While "extremely useful", they are "by no means unique", Steinbock said, adding there were no "irreparable and definitive losses in these collections".
The Louvre's press service told AFP on December 8 that the leak -- attributed to an accidentally opened valve in the heating and ventilation system -- occurred in a library in the Mollien wing, a space intended for researchers and closed to the public (archived link).
The service said the circulating image, however, "does not correspond in any way to reality" and does not show a real room in the museum.
AFP has previously debunked claims in French that the image shows the damage caused by the leak.
An analysis of an uncropped version of the image shared in a French Facebook post shows it bears the watermark "Grok" in the bottom-right corner, indicating it was generated using the AI chatbot.
It also contains inconsistencies indicative of AI-generated content, such as a distorted book and floor tile in the centre and right of the image.

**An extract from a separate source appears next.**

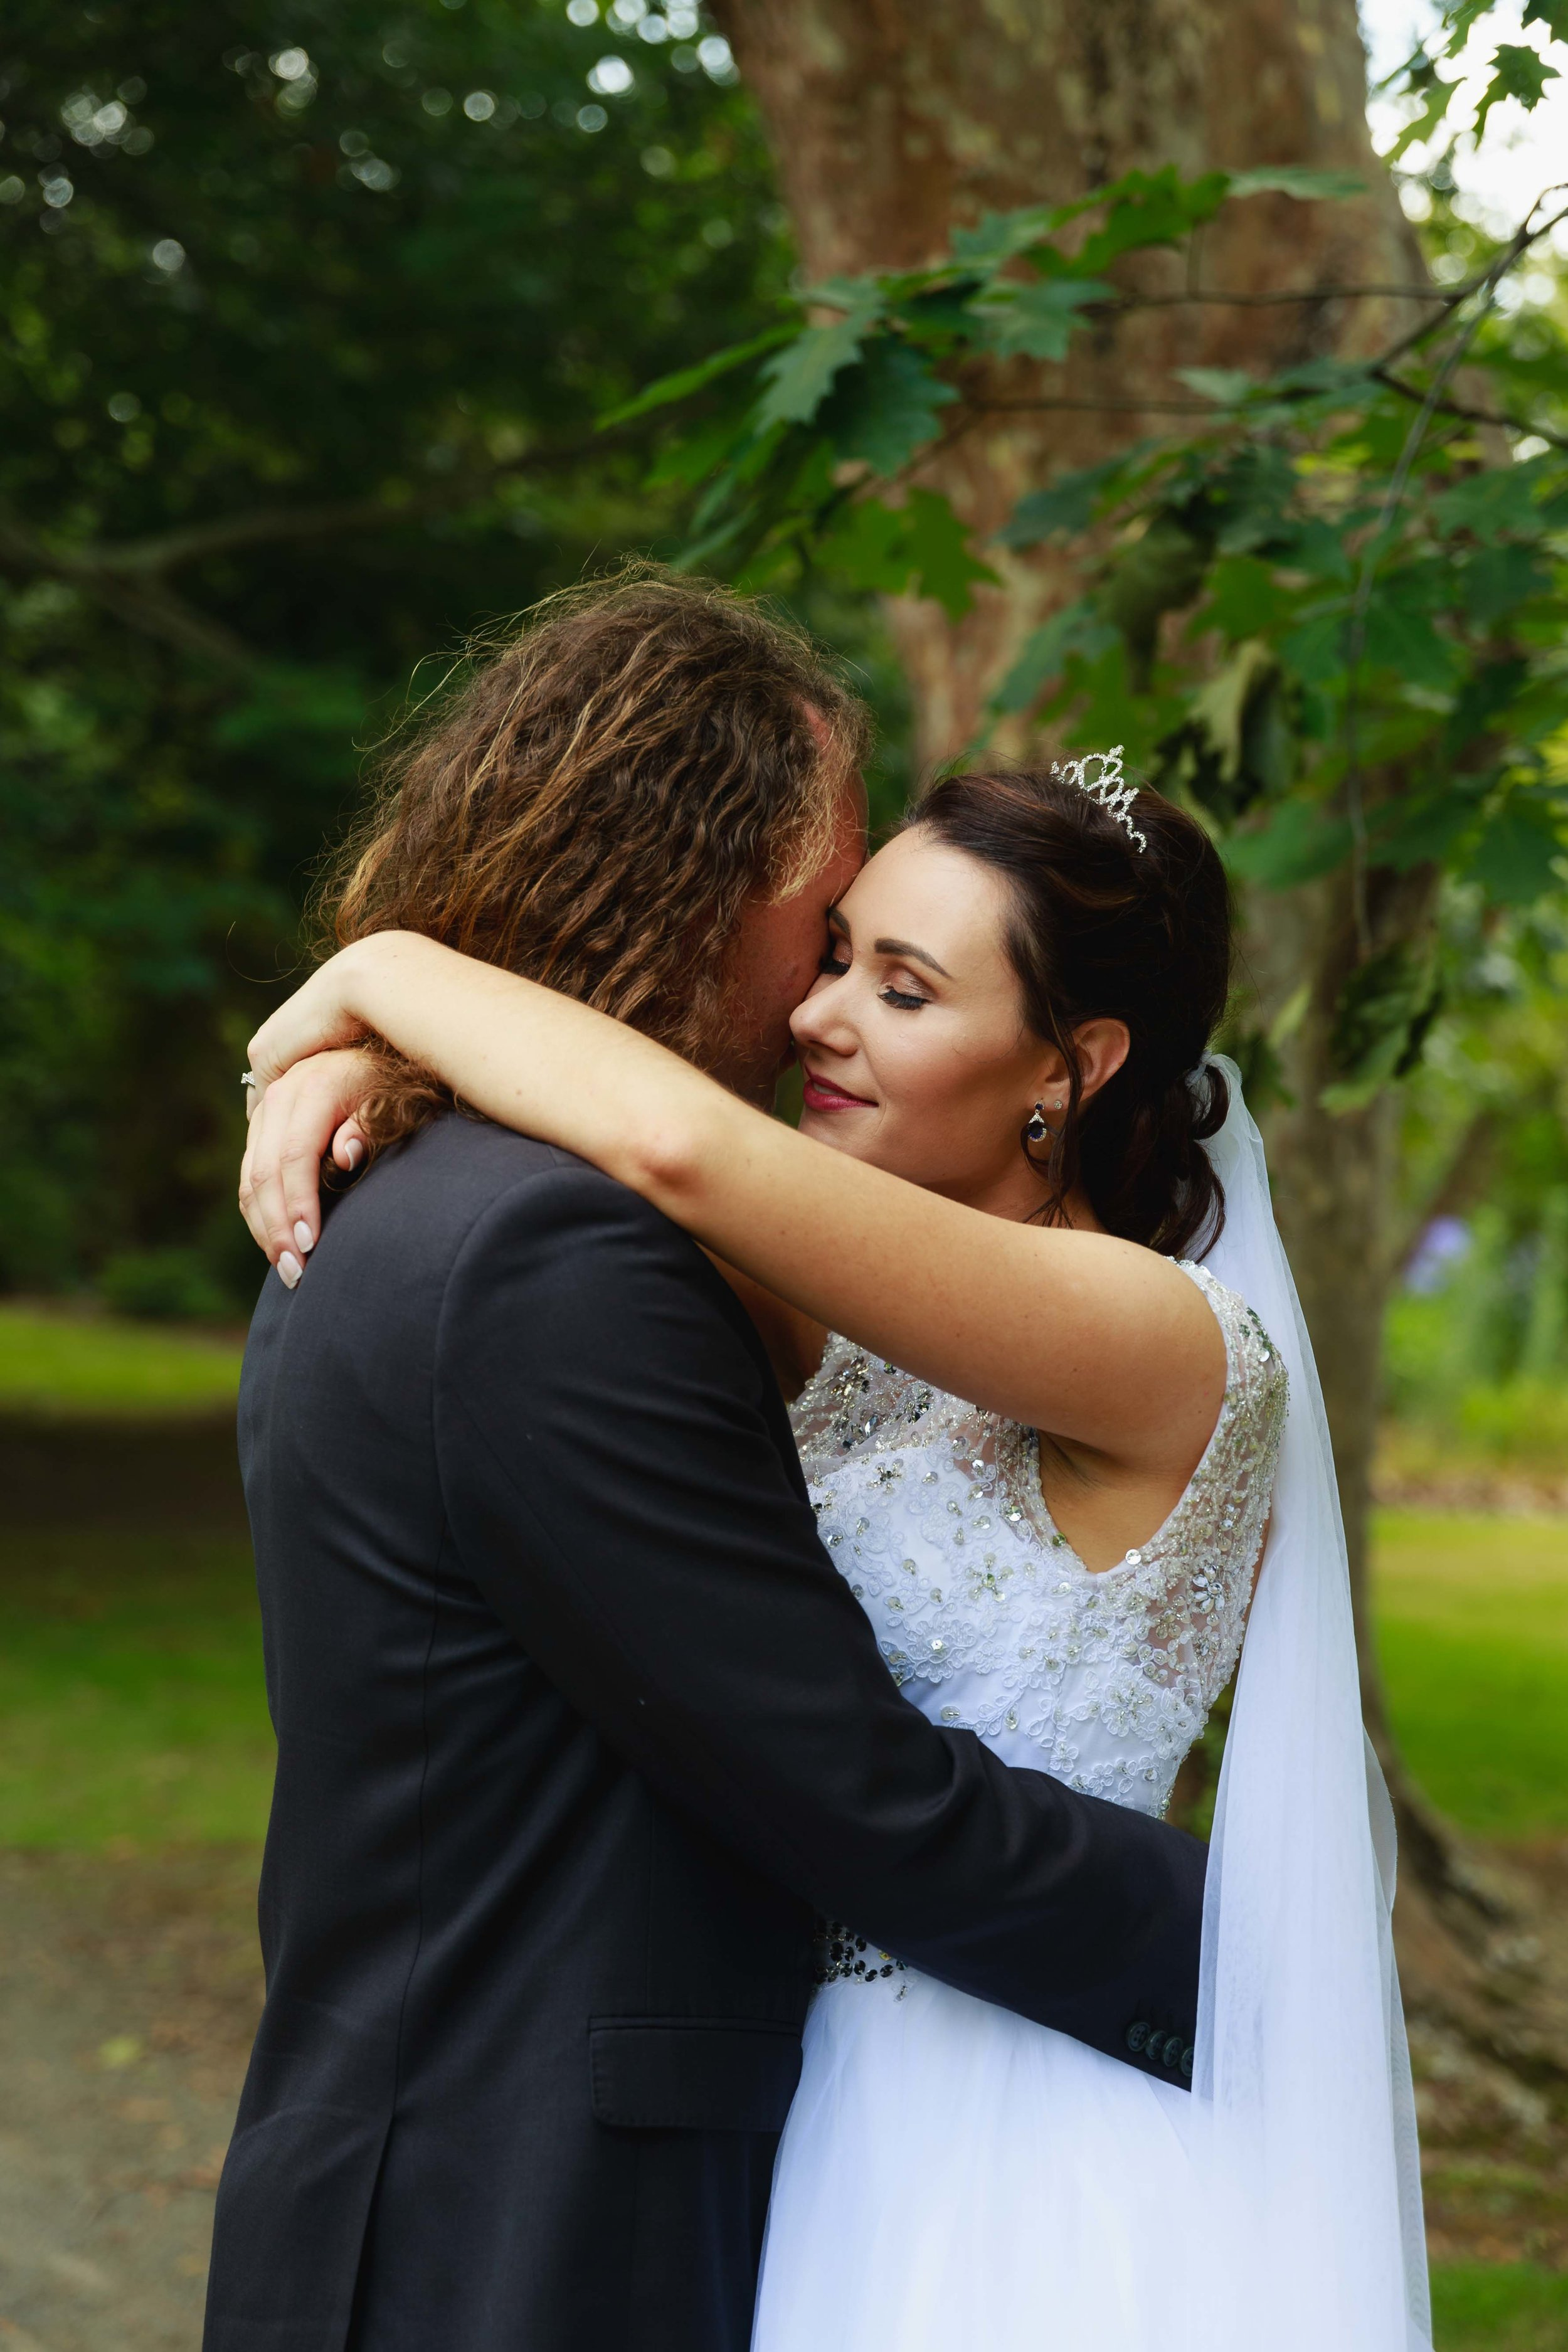 the-chalet-highlight-wedding-photography-palmerston-north-141.jpg

The ceiling lights also appear to be irregularly arranged.
Results from an analysis of the image on the Hive Moderation tool gave the image a 99.6 percent probability of being generated using AI.
The Louvre has also been targeted with other false claims since an embarrassing daylight heist at the museum that saw thieves make off with crown jewels worth an estimated US$102 million (archived link).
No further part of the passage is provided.